Wednesday, April 6, 2011

The Tsunami, the Geisha and a song.

The Tsunami, the Geisha and a song.
(A story by Joel Baumwoll based on the reporting of Norimitsu Onishi and published in The New York Times, April 4, 2011).

The giant wave that destroyed villages in Japan was the fourth that Tsuyako Ito had experienced in her eighty-four years living in the coastal village of Kamaishi.
 According to an article in the New York Times http://www.nytimes.com/2011/04/05/world/asia/05geisha.html?scp=1&sq=The%2084%20year%20old%20geisha&st=cse this one was “most frightening.”

Twice in her life, she had been carried to safety from the waves.  The first time when she was six-years old.  This time, her rescuer was a fifty-nine year-old owner of a sake store, Hiroyuki Maruki.  As the floodwaters tore at Ito’s hilltop home, she knew she must run or die.  Her grandmother had told her that a tsunami is “like a wide-open mouth that swallows everything in its path, so that victory comes to those who run away as fast as possible.”
So run, she did.  With regret, because Ito was scheduled to perform that evening at an exclusive hotel restaurant in the 117 year-old ryotei where she began working as a Geisha seventy years ago.  The Times report quotes Setsuko Kanazawa, whose family owns Saiwairo, the ryotei where she performs describing Ito as “a famous beauty, she both danced and played the shamisen, while most geishas were skilled only at playing the shamisen.”
Ito’s dream as a child was to “become a leading geisha in Kamaishi.  Her nephew says that her father, whose small time construction company had ties with the yakuza, supported her ambitions.  He is quoted as saying that her father was said to have told her she was suited for that life.  He added, “I think he did it to guarantee some debts.”
Recovering from her ordeal in a rescue center, Ito was sad that she had been unable to sing that night.  As the Times reports, she was hired to entertain a party of four in honor of a colleague’s transfer from Kamaishi.  Ito reported that she had picked just the right song, one meant to steel young samurai going to their first battle.
“I’d practiced the night before, and after putting my thoughts together, I thought this song would be all right,” she said, explaining that the song told the story of a young samurai on horseback going to his first, long-awaited battle.  “It ended without my singing,” she said. “It’s such a nice song, too.”
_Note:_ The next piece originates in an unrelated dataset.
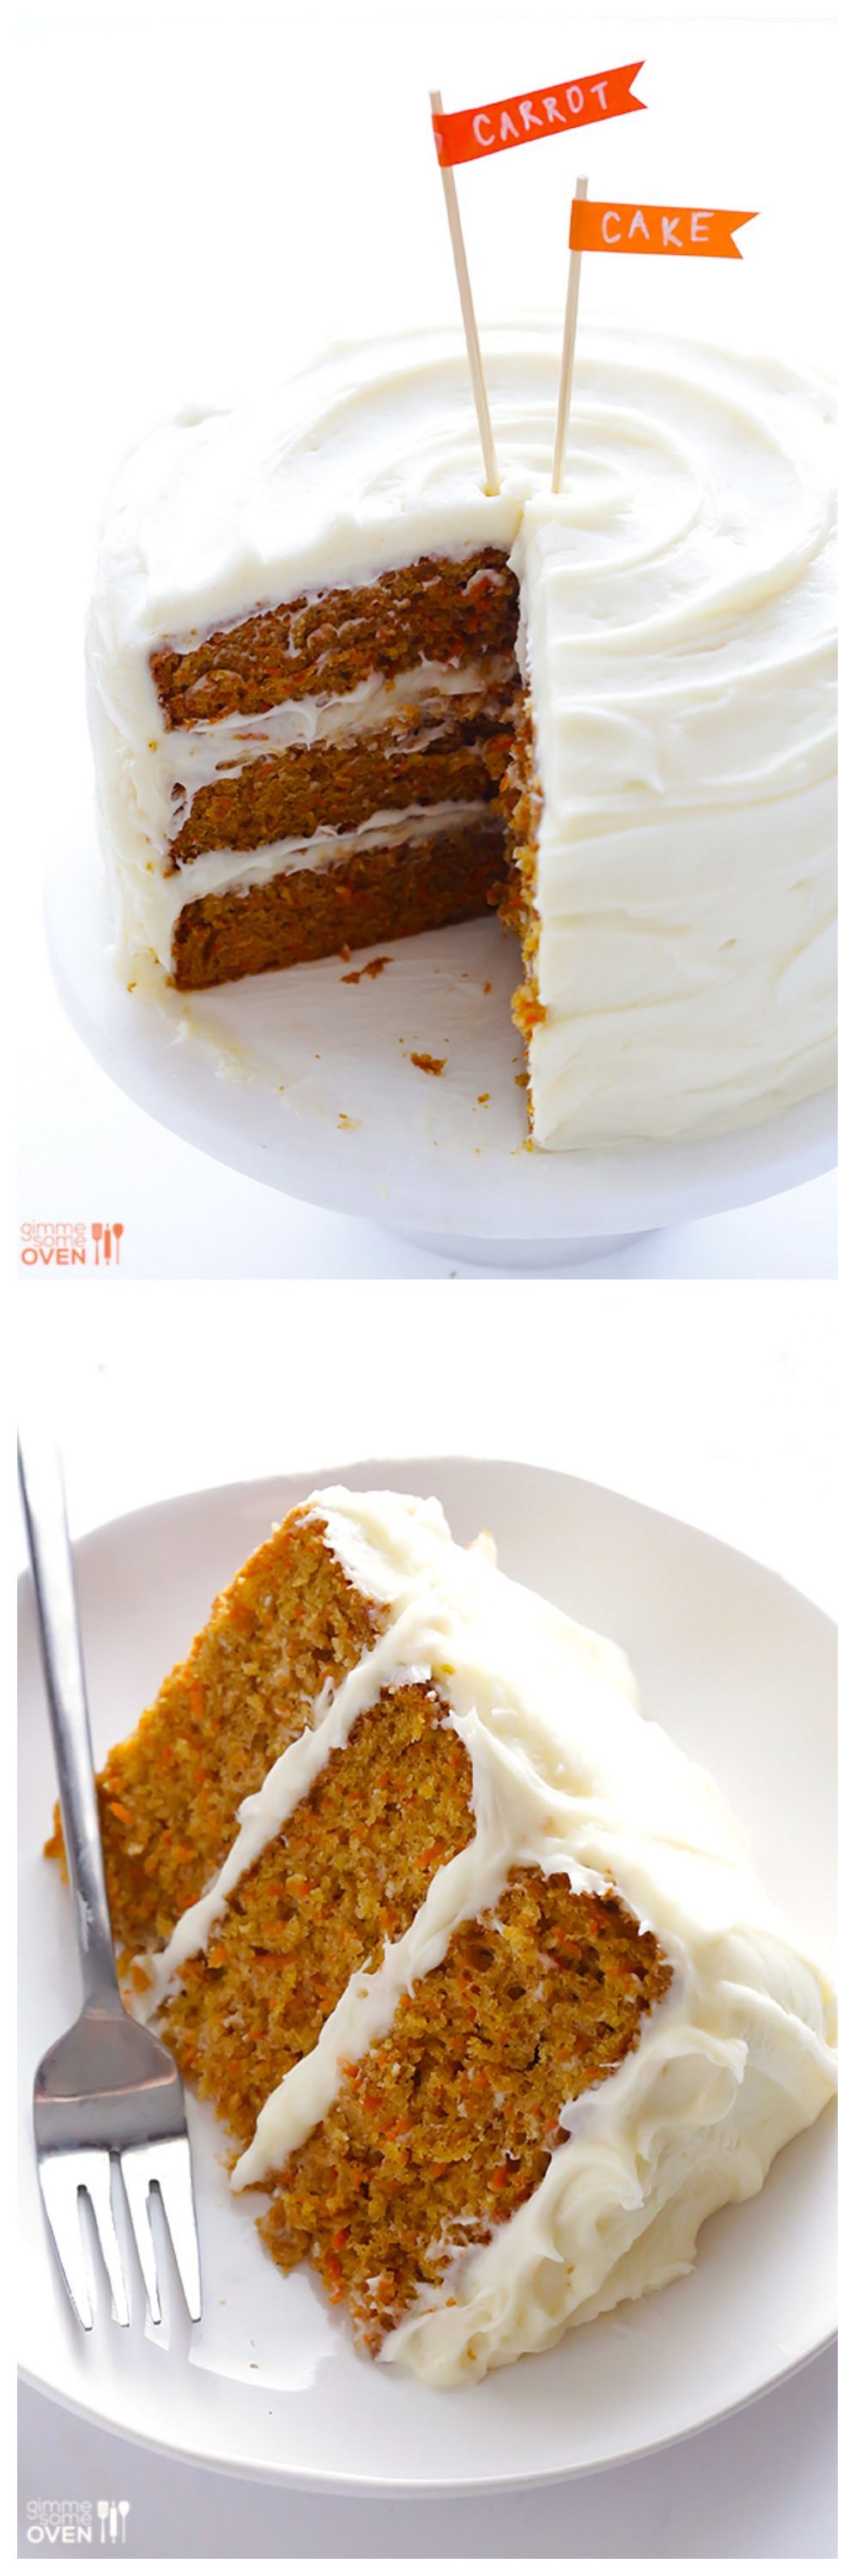 The BEST Carrot Cake Recipe — it’s moist, delicious, and topped with a heavenly cream cheese frosting

But her song was not to be.  As the earth shook, and the giant waves broke through the famous seawall built to withstand the mightiest tsunami, Ito knew enough to run.  But her legs gave out, and she would have perished with 1300 of Kamaishi’s residents had it not been for Mr.  Maruki.
He lifted Ito on his back and carried her to the top of a hill, away from the rushing waters.  “I thought she’d be light, but she was surprisingly heavy,” Mr. Maruki told the Times reporter.  “I wondered at one point what I was going to do.”
Ito had no doubts about her rescuer though, recalling, “feeling the soft warmth of his back.”  Why had Maruki risked his life to come looking for her as walls collapsed and neighbors were swept away?
He explained that he is the president of a group dedicated to preserving an old melody called “Kamaishi Seashore Song.”
“She is the only one who knows how to sing that song,” Mr. Maruki said.